Intake is the absolute amount of dry matter consumed per unit of time (Mertens, 1994). The feed intake depends on a number of factors, including live weight, milk production level, stage of lactation, animal behavior and environment, previous feeding history, body condition, type and quality of feed ingredients and management.

The fiber content of the forage plays often an important role. It can be measured in many ways and the relations between intake and fiber content have recently been reviewed (Mertens, 1994). The forage cell wall (NDF) contains the entire structural component of forage. It was reported that a critical level of NDF was 75% of DM in sole grass diets and that a higher concentration reduces intake and animal productivity (Buxton, 1996). Consumption of dietary NDF is limited by capacity of animal, it is estimated as 1.2% of the animal’s body weight and the equation describes this relationship: DM intake (% of BW) = 1.2/NDF (% of DM) (Merterns, 1987). NDF contains mainly hemicellulose, cellulose and lignin and the ratio of these components also affect the DM intake.

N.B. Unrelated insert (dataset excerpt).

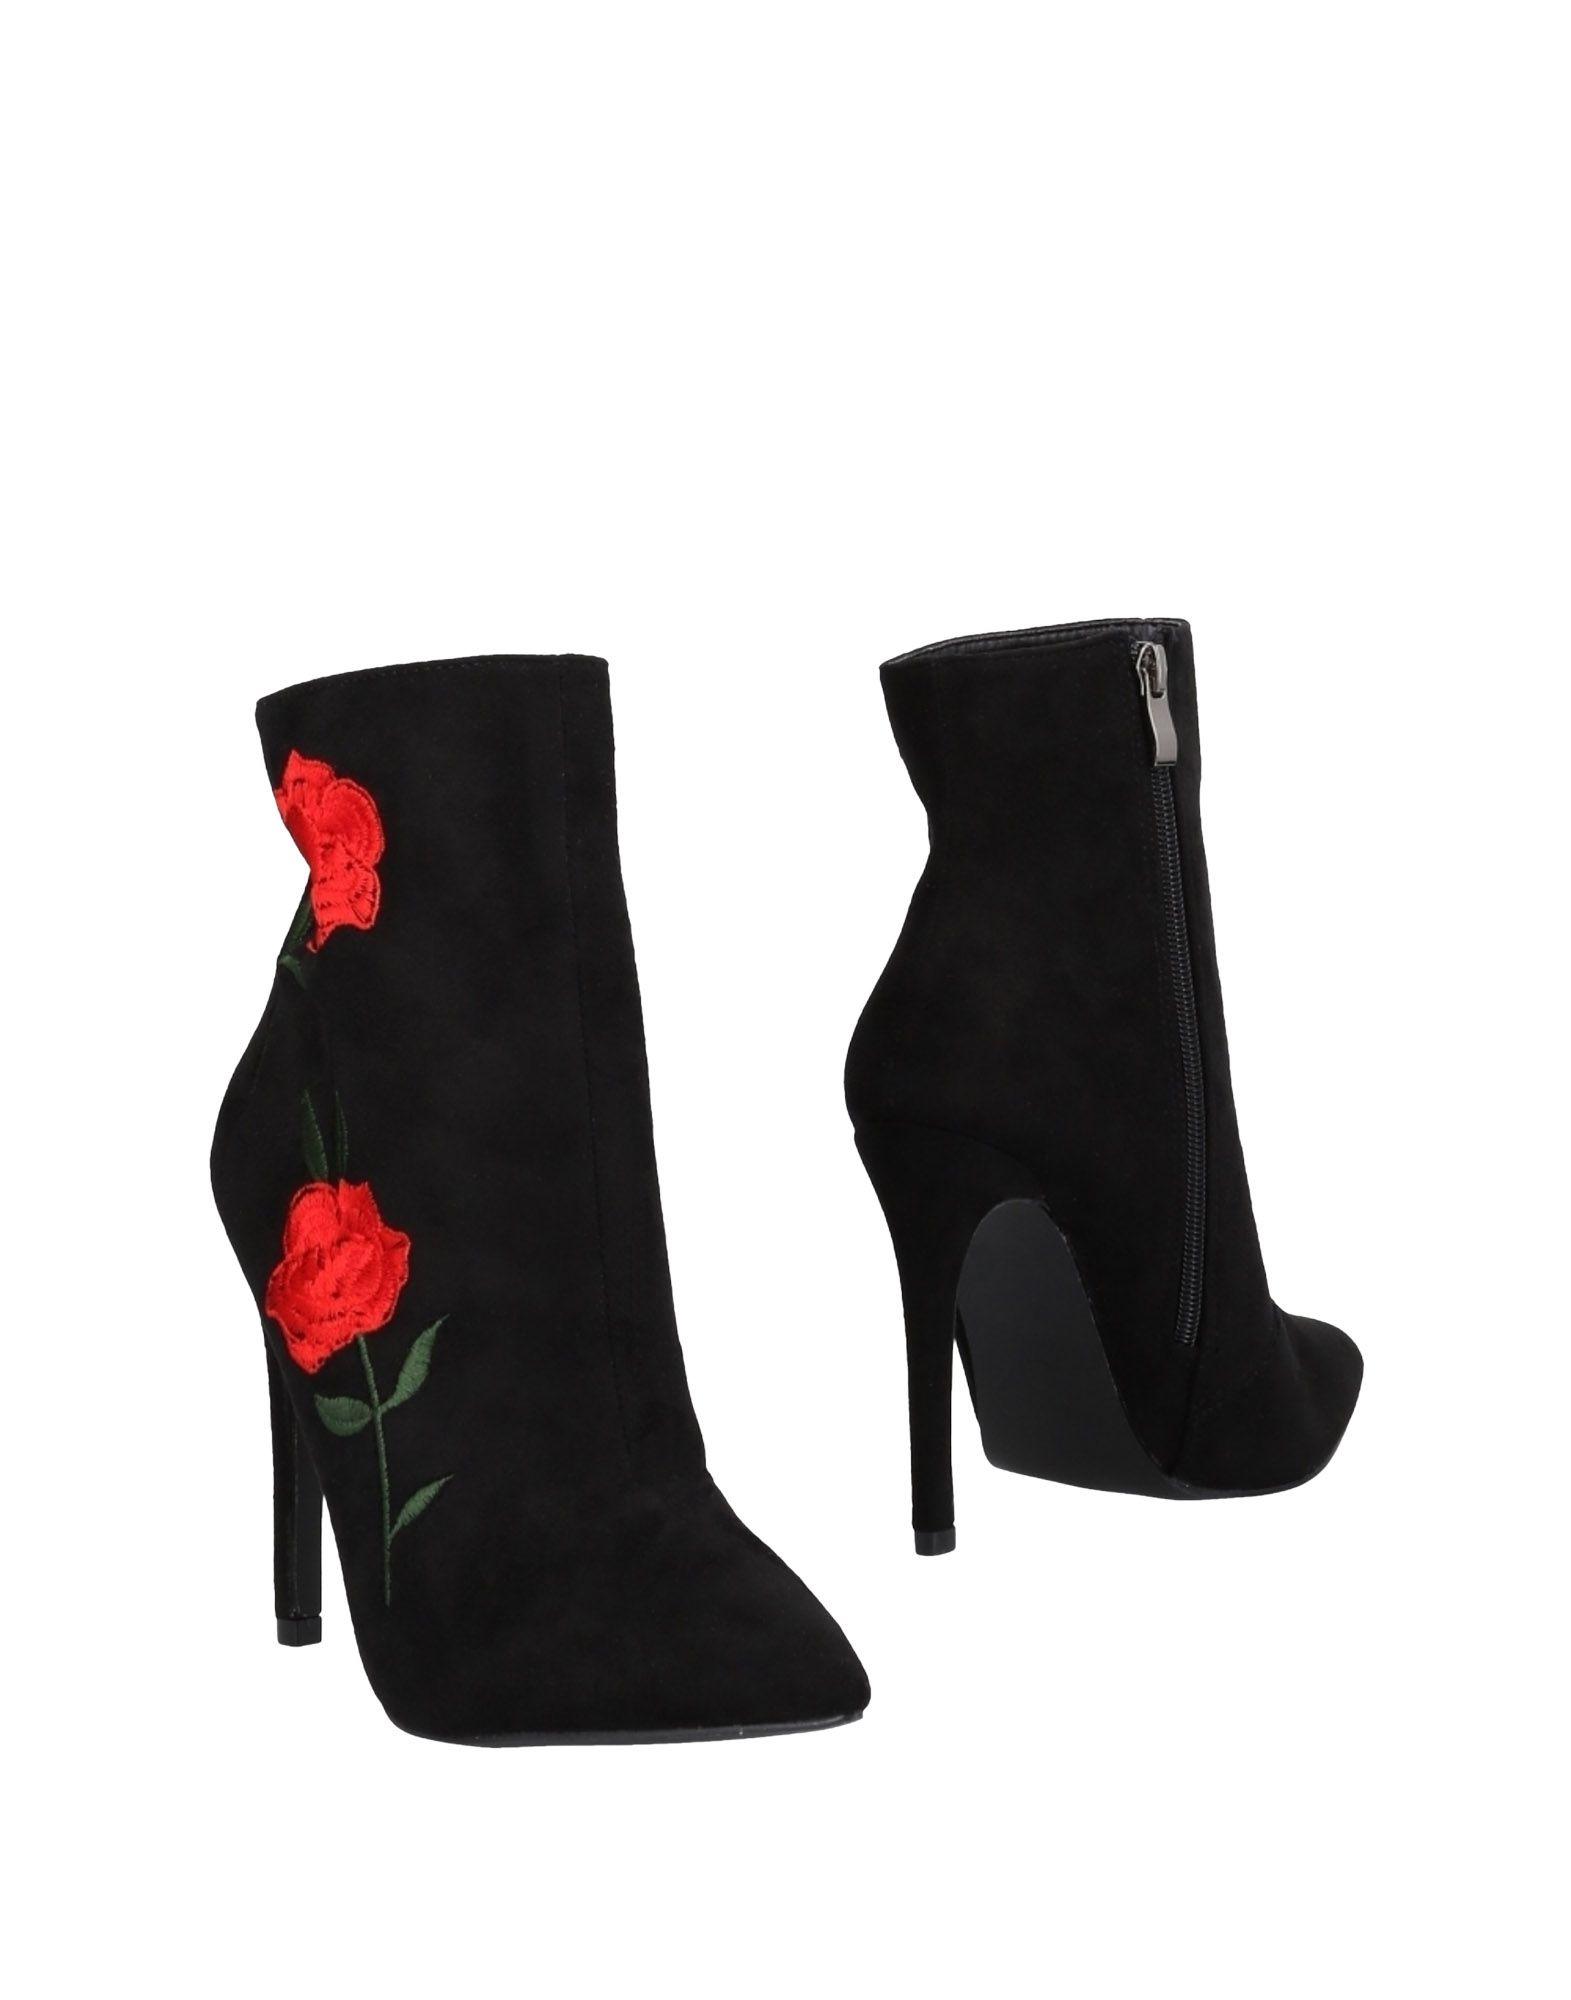 Public Desire Stiefelette Damen  11489435CW Gute Qualität beliebte Schuhe

The protein concentration of the diet also influences on the intake of tropical forage, Intake of grass species declines rapidly when the CP concentration of the consumed forage falls below 7% (Milford and Minson, 1966). The effect on intake of adding a concentrate supplement to roughage depends on the digestibility of that roughage. If its digestibility is low total intake will be increased and if its digestibility is high then the concentrate will replace roughage, resulting in total intake lower (McDonald et al., 2002). Supplementing cassava tops silage to the grass diet tended to increase the feed intake (Aminah et al., 1999; Man and Wiktorsson, 2001) and supplementation of forage protein to low quality roughage diets improved feed intake (Merkel et al., 1999). The results in Paper II show that the sole grass intake was low and total DM intake increased when grass diet was supplemented by Kudzu foliage.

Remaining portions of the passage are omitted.